When Barnham died in 1598 he left an estate of £20,000 of whom the chief beneficiaries were Dorothy and her daughters. Within two years Dorothy had remarried. Her second husband was Sir John Pakington (a favourite of Queen Elizabeth) whom she married in November 1598. His home was at Hampton Lovett and he built Westwood House near Droitwich. They had two daughters and a son.

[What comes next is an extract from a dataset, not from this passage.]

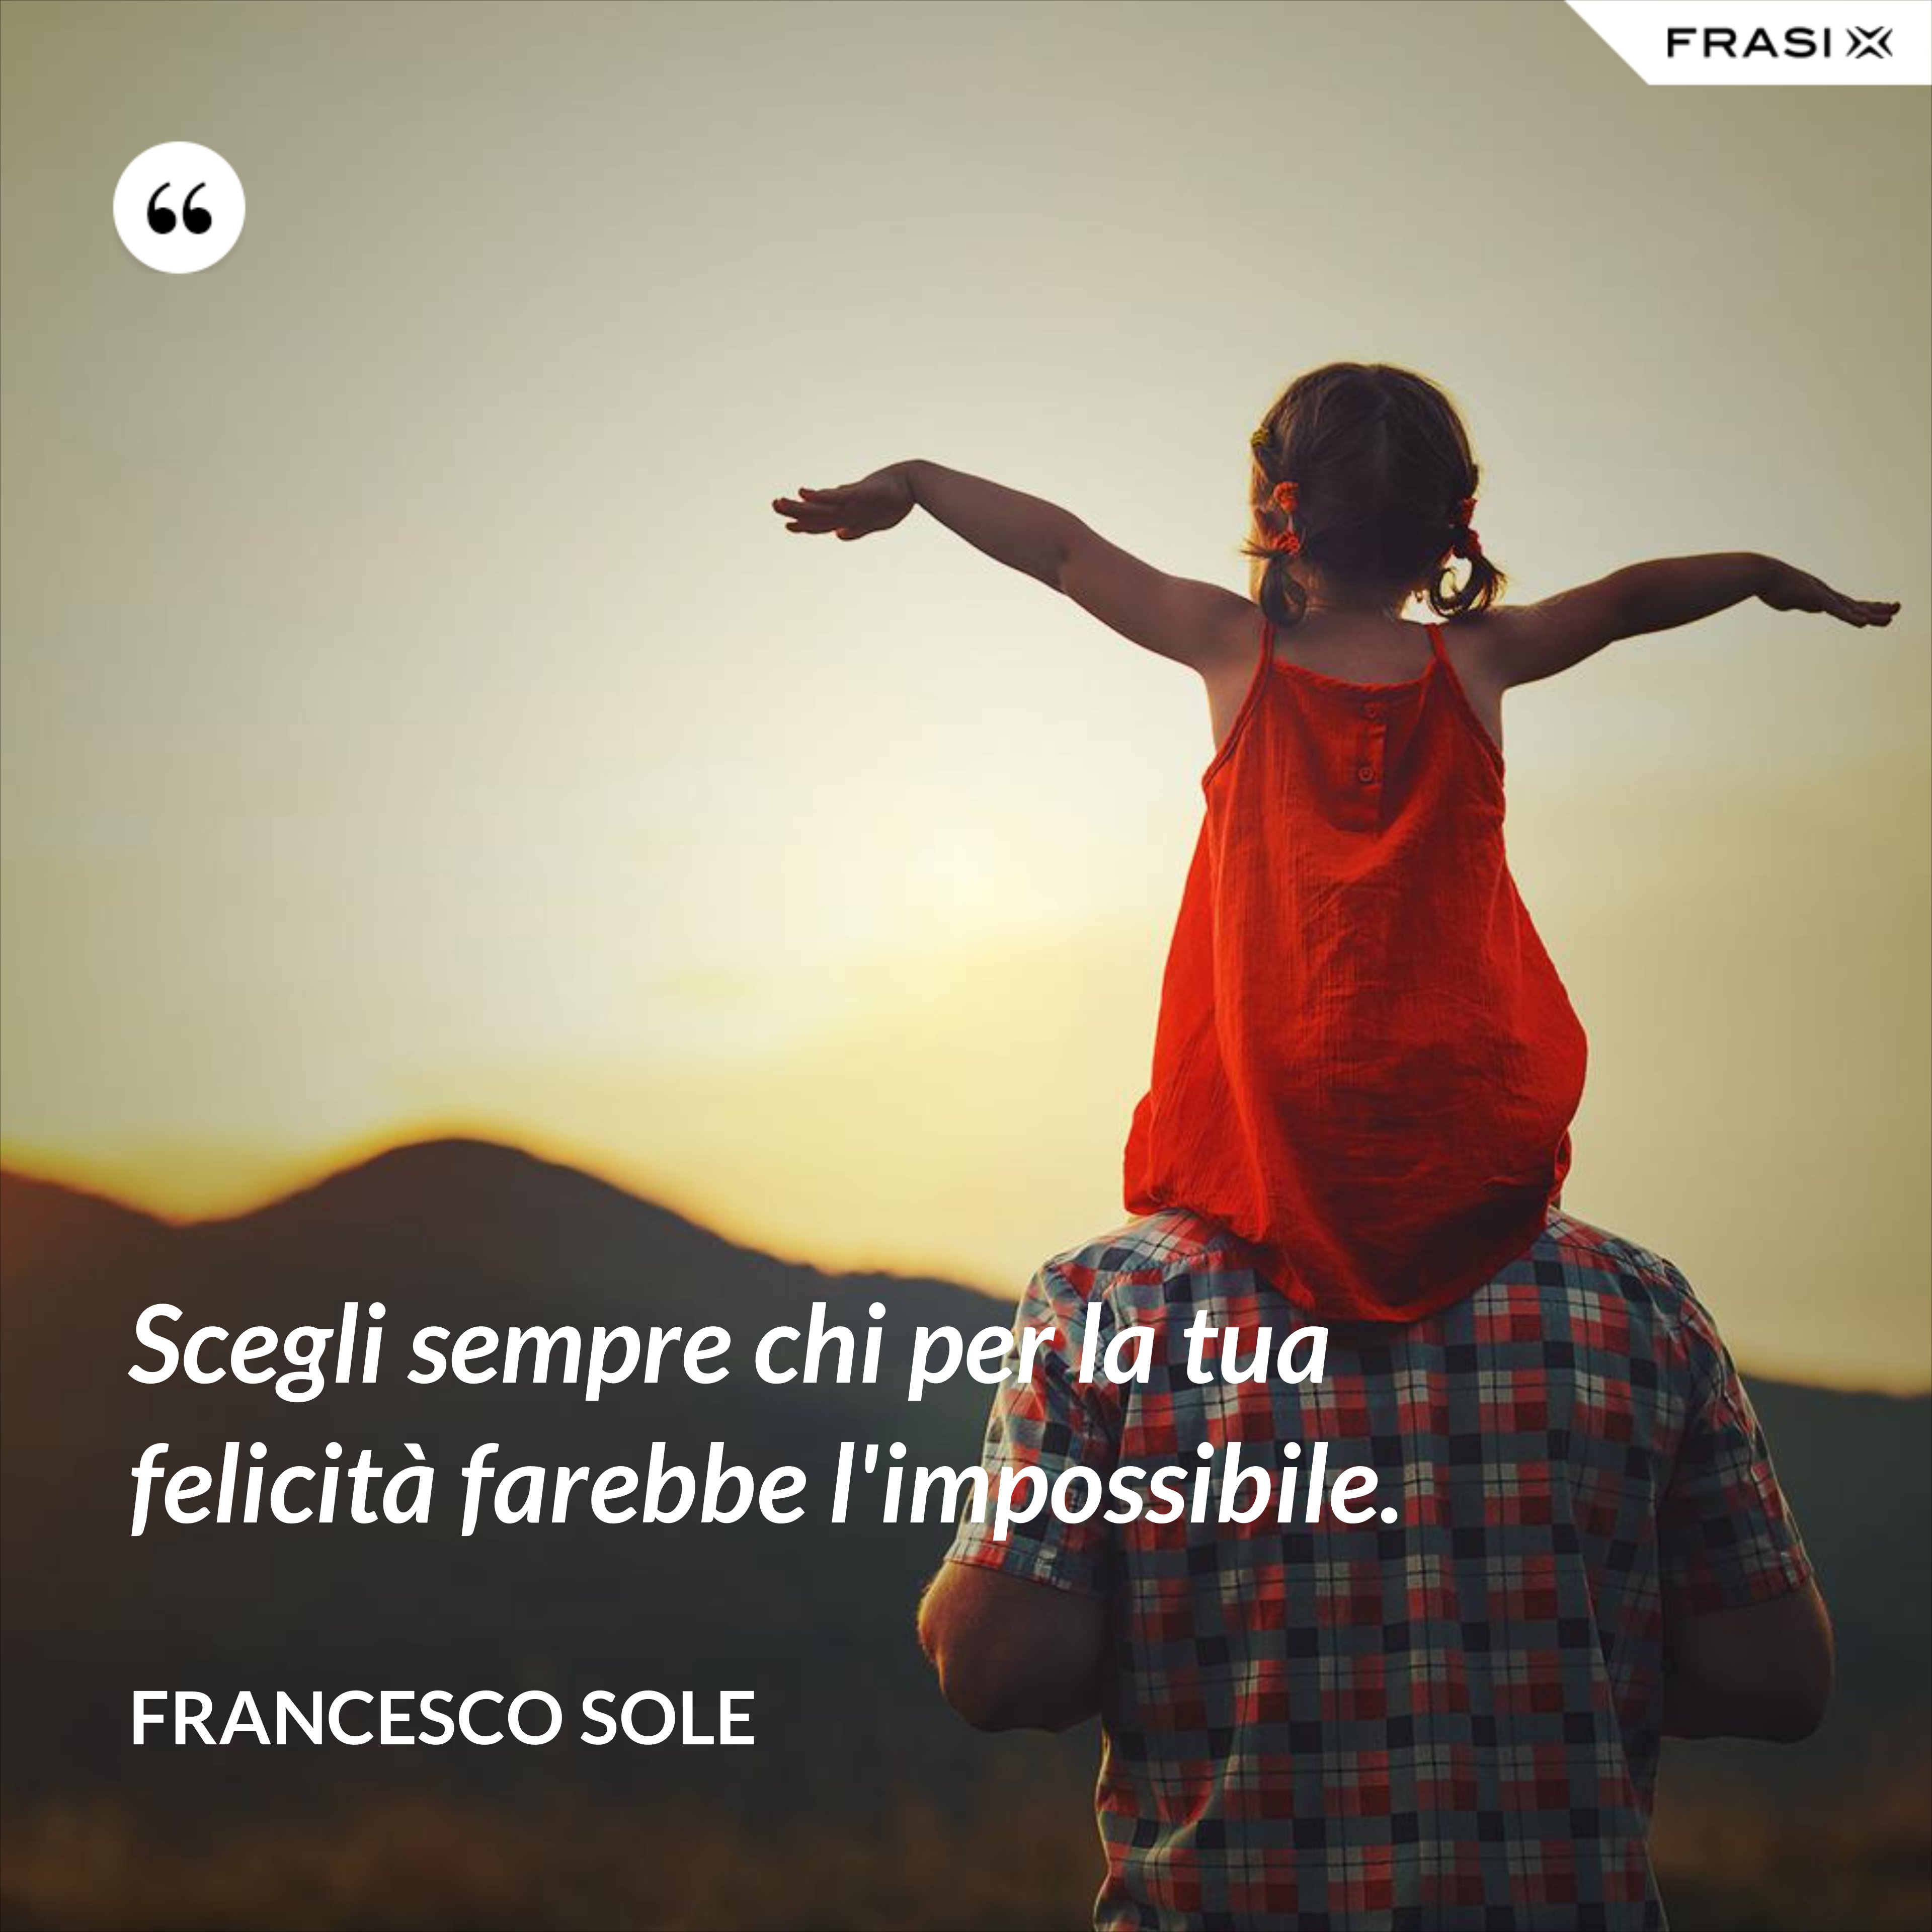 Scegli sempre chi per la tua felicità farebbe l'impossibile. - Francesco Sole

Anne, Dorothy's elder daughter by her second husband, married at Kensington, on 9 February 1619, Sir Humphrey Ferrers, son of Sir John Ferrers of Tamworth Castle, Warwickshire; and, after his decease, Philip Stanhope, 1st Earl of Chesterfield. Her second daughter by her second marriage, Mary, married Sir Richard Brooke of Nacton in Suffolk. The only son of the second marriage, John (1600–1624), was created a baronet in June 1620, and sat in Parliament for Aylesbury in 1623–1624. He married Frances, daughter of Sir John Ferrers of Tamworth, with whom he had two children, including his heir Sir John Pakington, 2nd Baronet (1620–1680)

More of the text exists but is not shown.